The “search” for Indori came with its own set of adventures. “It was a long route and on the way we were stopped by illegal miners who thought we were mediapersons. When we started at 5 am from Delhi, there were five cars. Only one car finally reached the foothills of the Aravalli, only to realise later that there was no motorable road leading to the fort. But these aspects make the hunt for heritage thrilling,” says Rooprai, who formed Youth For Heritage Foundation this year.

It is important to read historical events as a story, and focus on the untold ones, he says. For instance, at the gates of Purana Qila, Rooprai talks about Hemu or Hemchandra Vikramaditya who ruled from the fort briefly, and not about Sher Shah Suri and Humayun. His is a one-man show and he does not charge any fee.

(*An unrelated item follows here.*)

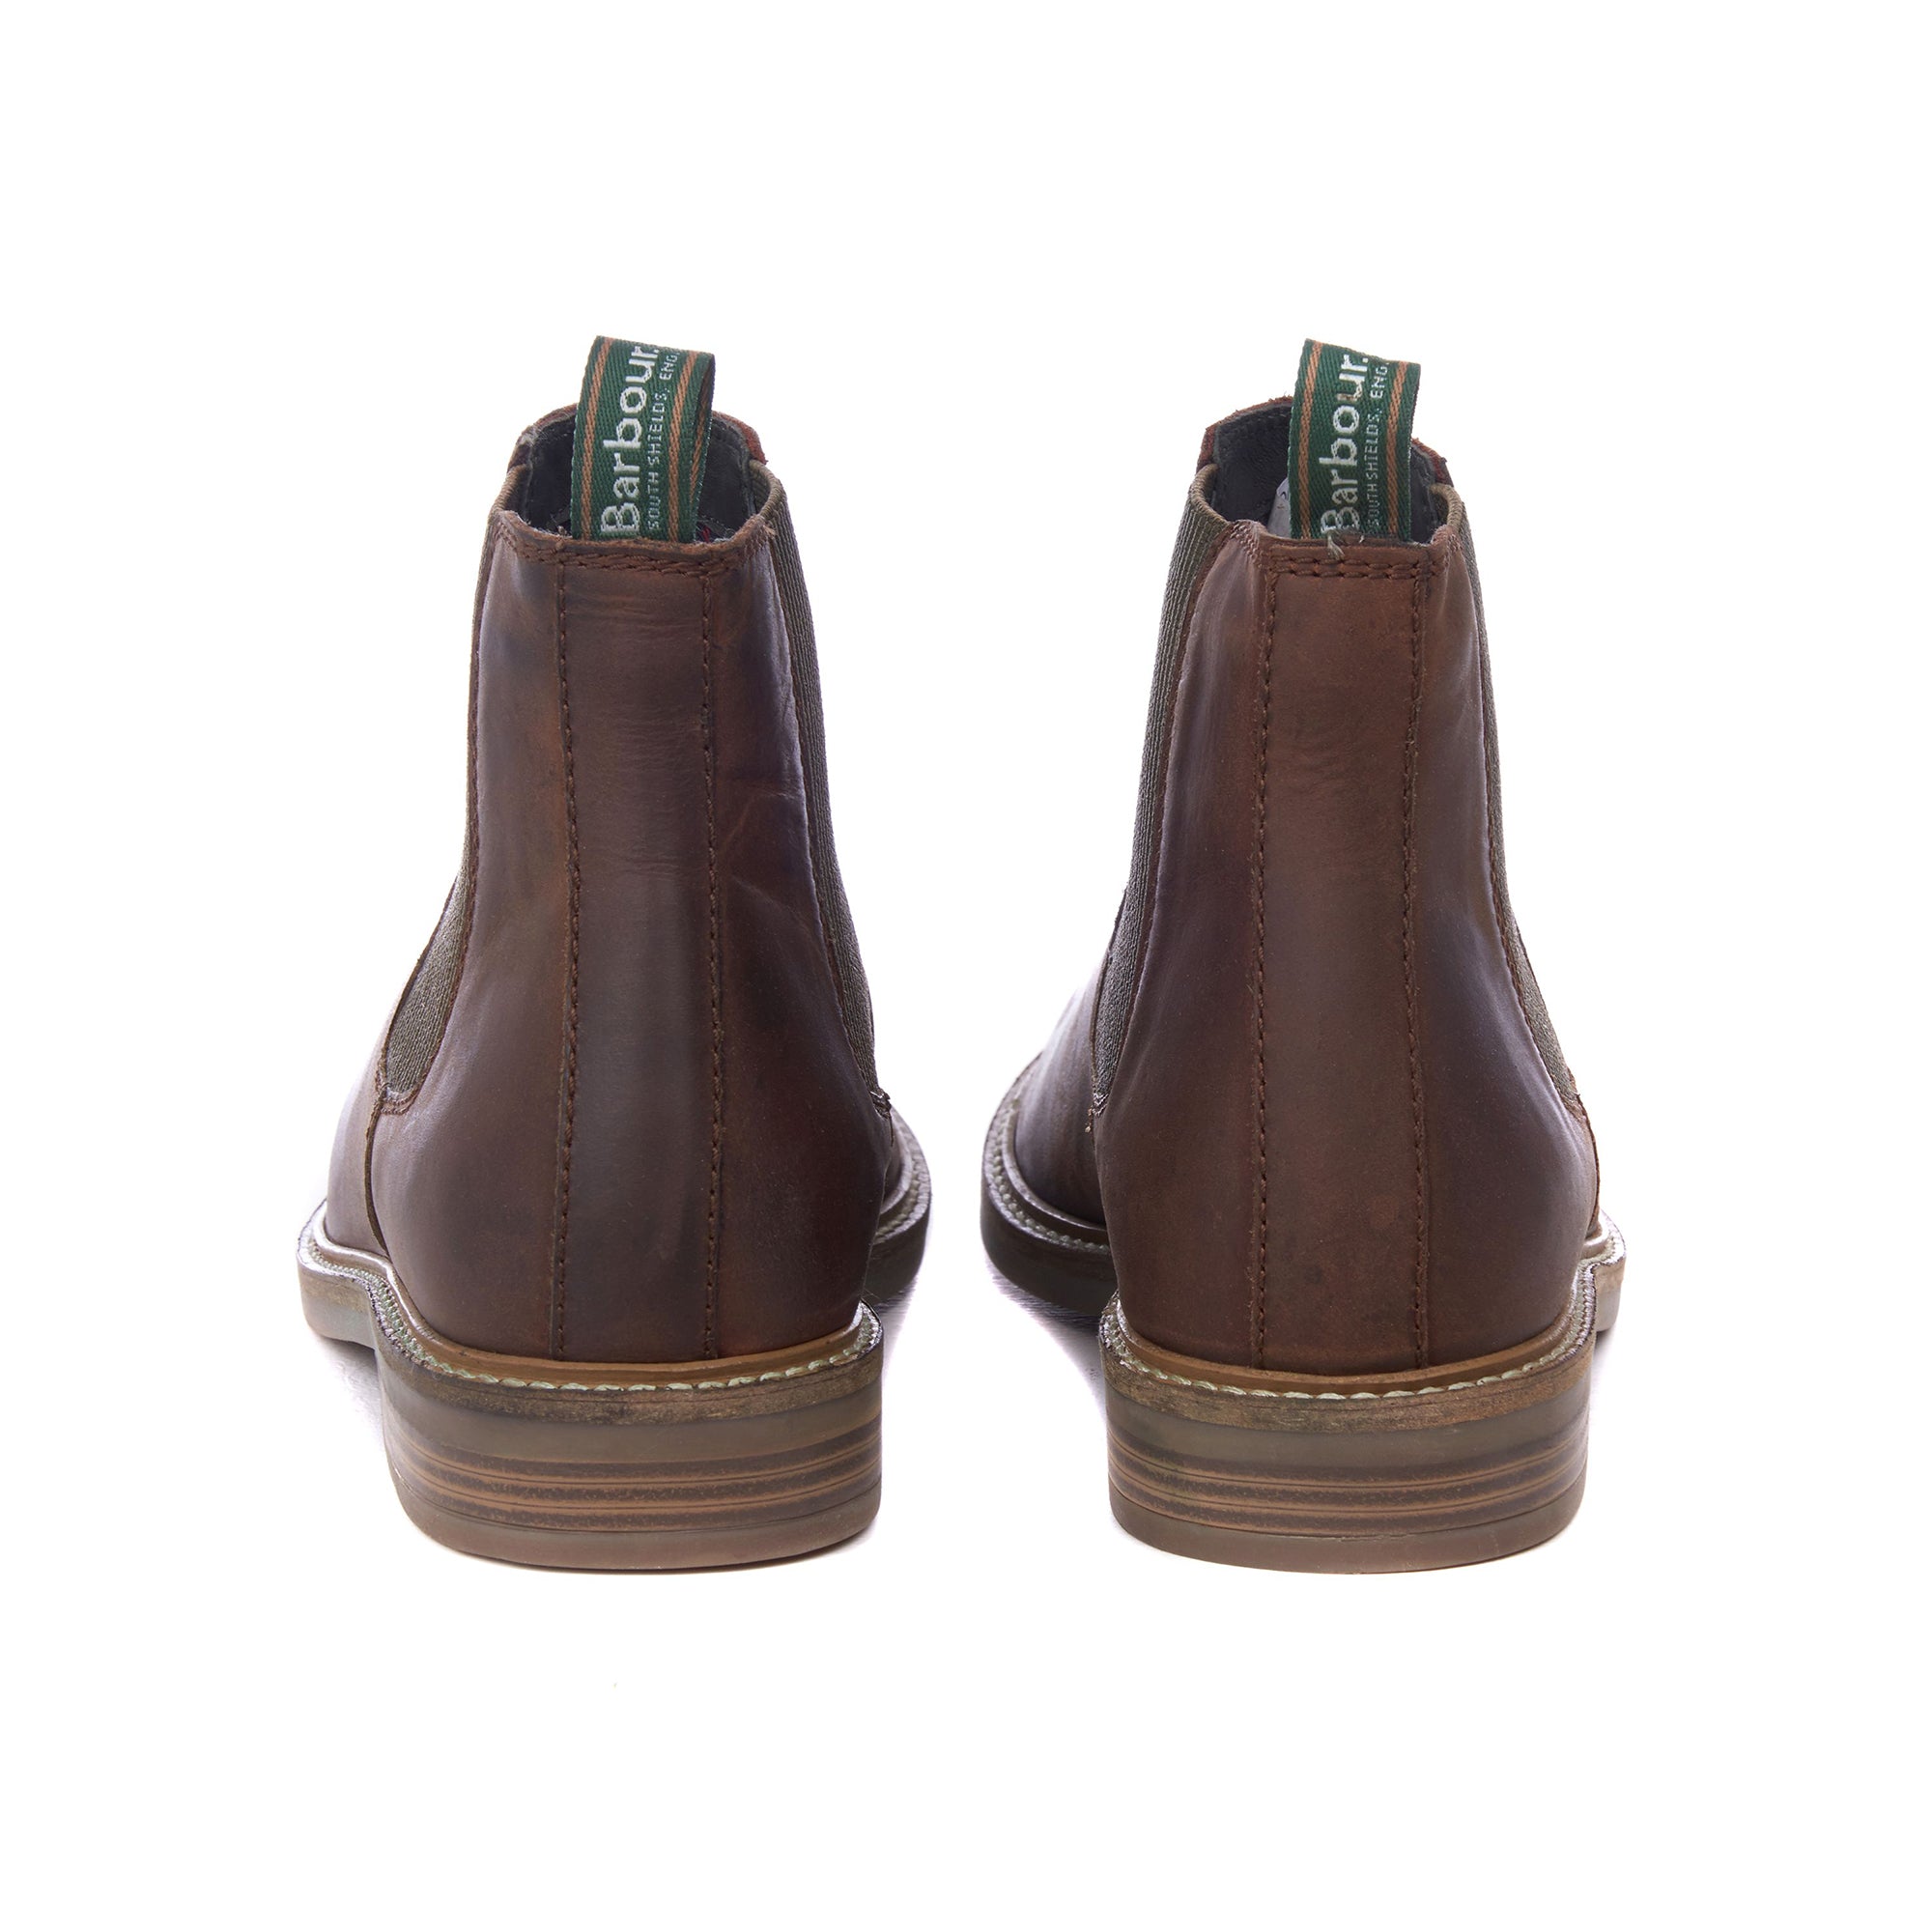 Barbour Farsley Chelsea Boot - Choco Leather

Historical storytelling isn’t as simple as it sounds; while facts need to be as accurate as possible, finding interesting ways to tell them as stories is a constant challenge. “One needs to dig up stories hidden in the past, locked in the present and buried within ourselves. The idea is to bring together spaces, places and people in a matrix of stories that connect us with our roots,” says Yuveka Singh, founder, Darwesh, a Delhi-based storytelling organisation that offers storytelling walks, tours and workshops for fees ranging between Rs 1,000 and Rs 2,000. Founded last year, Darwesh has also attempted to weave in theatrical performances in its storytelling sessions. For one of its events, “Her Story”, organised at the Roshanara Garden last month, Singh invited two professional Delhi-based actors. The story unfolded through a dialogue between the two actors playing sisters Jahanara and Roshanara, two powerful women of 17th-century India, and showcased the power struggle in the Mughal court. Besides such “theatre walks”, Darwesh also conducts workshops on Sufism. Next on the cards is a photo story session in old Goa.